В последнюю неделю пребывания на астероиде я вдруг отчётливо вспомнил наш умопомрачительный секс с Алессой. Каждую секунду, каждый шумный вздох и протяжный стон, каждый блик потной кожи в лунном свете. Этот секс стал мне сниться еженощно, и я уже готов был его назвать своим очередным навязчивым кошмаром. В ту ночь мне казалось, что Алесса получает удовольствие не меньшее, чем я сам… а ведь она его не планировала и не хотела, а с утра и вовсе сбежала, не попрощавшись! И тем не менее память – хитрая скотина. Чем меньше ты пытаешься думать о чём-то, тем резче и чётче становятся контуры воспоминаний. Эта женщина стала ядовитым искушением, которое болезненно медленно проникало в кровь, отравляло клетки тела и мучительно сводило с ума. Как сладкий ежевичный торт для больного сахарным диабетом. И хочется, и нельзя.
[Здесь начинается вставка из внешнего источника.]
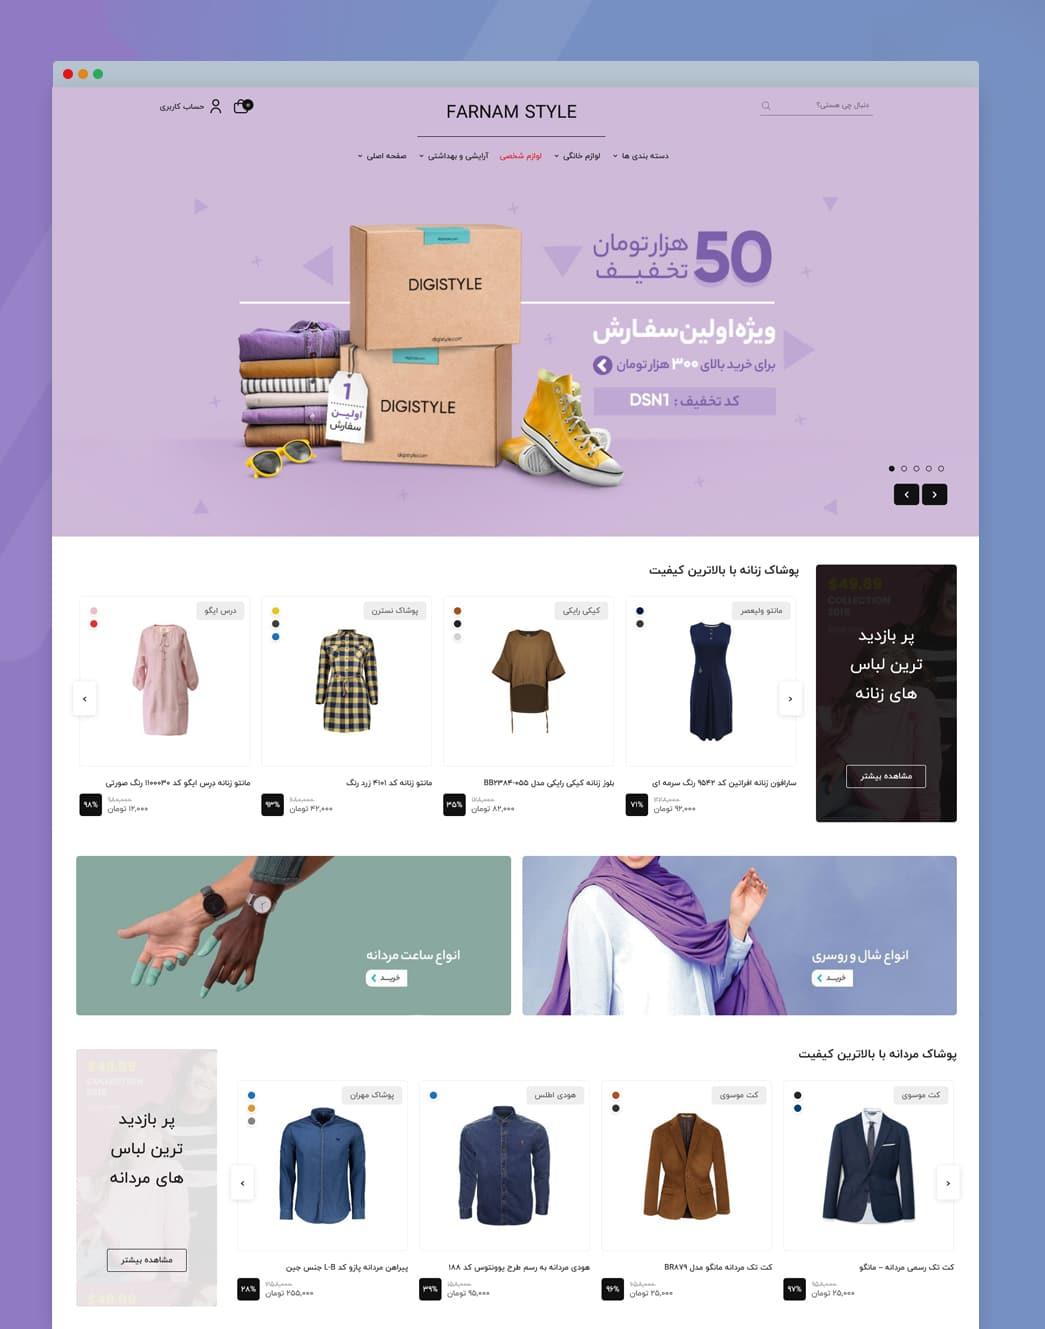 قالب فروشگاهی ووکامرس ایران کالا فرنام - صفحه اصلی دیجی استایل

Фиктивный брак – и на тот Алесса была не согласна, когда я предложил ей его впервые. Даже если она не ведёт против меня двойную игру и действительно хочет вытащить из тюрьмы, не факт, что у неё есть ко мне хоть какие-то чувства. Вдруг тогда, в коридоре Ионского суда, она действительно рассчитывала больше меня никогда не видеть? Но почему тогда месяц спустя после заключения сама пришла с документами для фиктивного брака?! Зачем вынудила меня подписать их?!
…И с чего я вообще взял, что у неё нет мужчины?
Последний вопрос сидел в мозгу подлой гниющей занозой и поднимал настолько глубинные пласты ярости, что я вновь остервенело принимался отжиматься, чтобы хоть как-то выплеснуть адреналин, а затем без сил повалиться на койку и забыться очередным кошмаром.